И мы впервые вошли вдвоем в Толстовский кабинет.
Но прежде чем приступить к рассказу об Отделе рукописей, каким я его застала в 1945 году, я должна рассказать о коренных переменах в нашей семейной жизни тех лет.
Павлик все еще работал в НИКОИ, но стремился изменить направление своей исследовательской деятельности. Поставив себе цель заниматься ядерной физикой, которая была в то время вершиной науки, Павлик довольно скоро ее достиг, перейдя в Институт химической физики к академику Н.Н. Семенову, где потом проработал до конца жизни. То подразделение института, куда он перешел, было как бы прикомандировано к И.В. Курчатову, возглавлявшему работ) над атомной бомбой. С 1948 года Павлик начал часто и надолго уезжать (до полугода) на полигон в Семипалатинск. Приезжает, побудет какое-то время дома и снова уезжает. Мы с Юрой как-то уже свыклись с этим. Павлик не только подолгу отсутствовал, но и письма его, шедшие через военную цензуру, приходили редко и не по одному, а пачками — очевидно, цензоры их копили, а потом прочитывали сразу.

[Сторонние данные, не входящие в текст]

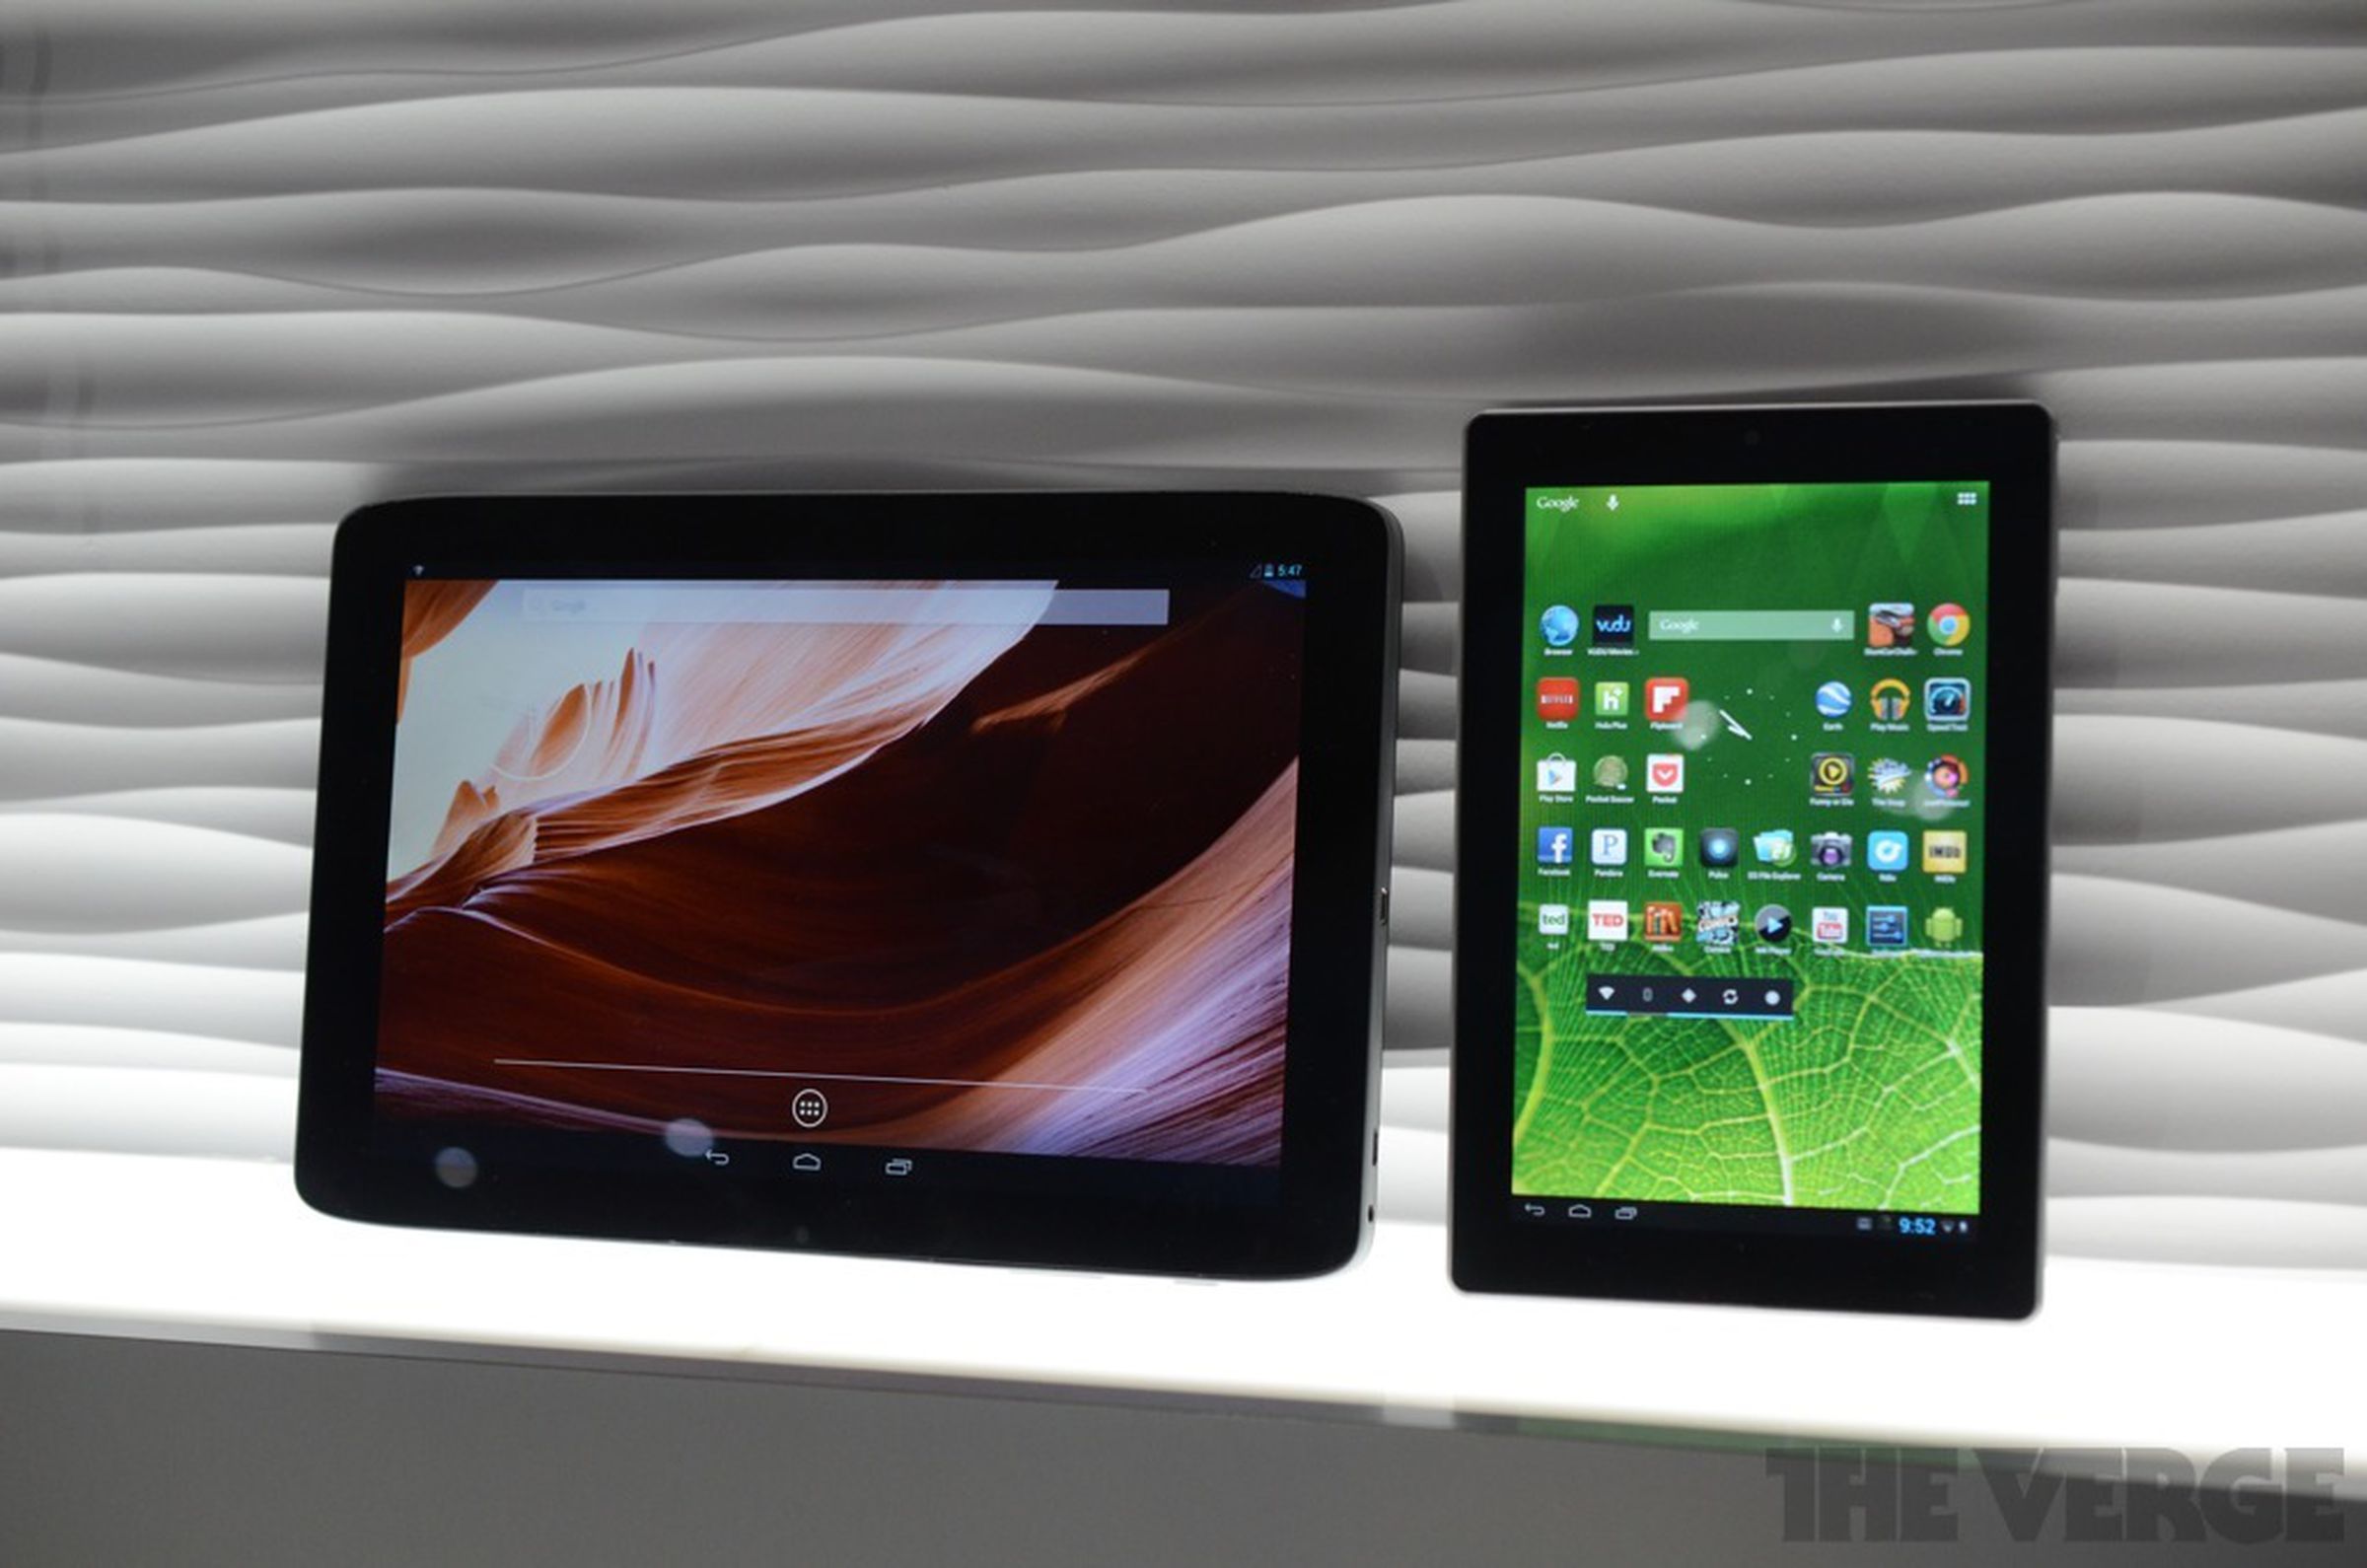 Vizio 10-inch Tablet hands-on pictures

Но в 1945 году до этого было еще далеко и пришлось прежде всего взяться за наши бытовые проблемы.
Как только кончилась война, и вся наша семья соединилась на Ржевском, мы с Павликом, учтя уроки совместной с родителями жизни, принялись искать способы разъезда с ними: читали объявления на стендах, сами развешивали такие объявления. Надеялись на удачу: наша комната, которую мы хотели разменять на две в разных местах, была по тогдашним меркам весьма престижной. Большая (34 кв. м), перегороженная на две (как бы квартира в квартире), в центре, со всеми удобствами. Главное, к чему мы стремились — чтобы хоть одна из предлагаемых комнат удовлетворила родителей. А мы были готовы ехать на любую окраину — правда, только не за город: сын начал учиться, и хотелось, чтобы он ходил в школу хорошего уровня.
И уже вскоре возникло замечательное предложение: молодой юрист И.Д. Левин с женой и ребенком желал съехаться с теткой жены. Одна комната (16 метров) была у Никитских ворот, Юре даже не пришлось бы менять школу, другая (12 метров) на Мясницкой, в Кривоколенном переулке. И обе коммуналки не очень большие и не перенаселенные, как наша. Колебалась только мама: ей казалось унизительным переехать в такую маленькую комнату. Но, с другой стороны, она понимала, что не может предложить эту комнату нам троим (хотя мы были согласны и на это, мне даже нравилась мысль, что Юра будет учиться в моей бывшей школе). Кроме того, мы теряли 6 метров площади, и это тоже ее огорчало. Словом, она тянула с ответом и побуждала смотреть иные предложения. Все были хуже, а сменщики страшно торопились, и мы боялись, что упустим их (потом мы узнали причину спешки: тетка уезжала в Штаты по приглашению своей сестры и не собиралась возвращаться, они не хотели потерять ее жилплощадь, а срок приглашения был уже не за горами). Наконец мама сдалась, мы оформили все бумаги и подали их в Моссовет (такой существовал порядок). И тут нас ждал удар: нам отказали в обмене. Комната в 34 метра была по тогдашним нормам слишком велика для семьи Левиных из четырех человек! Напрасно доказывал наш сменщик, что он, кандидат наук, имеет право на дополнительную площадь, — ничего не помогло.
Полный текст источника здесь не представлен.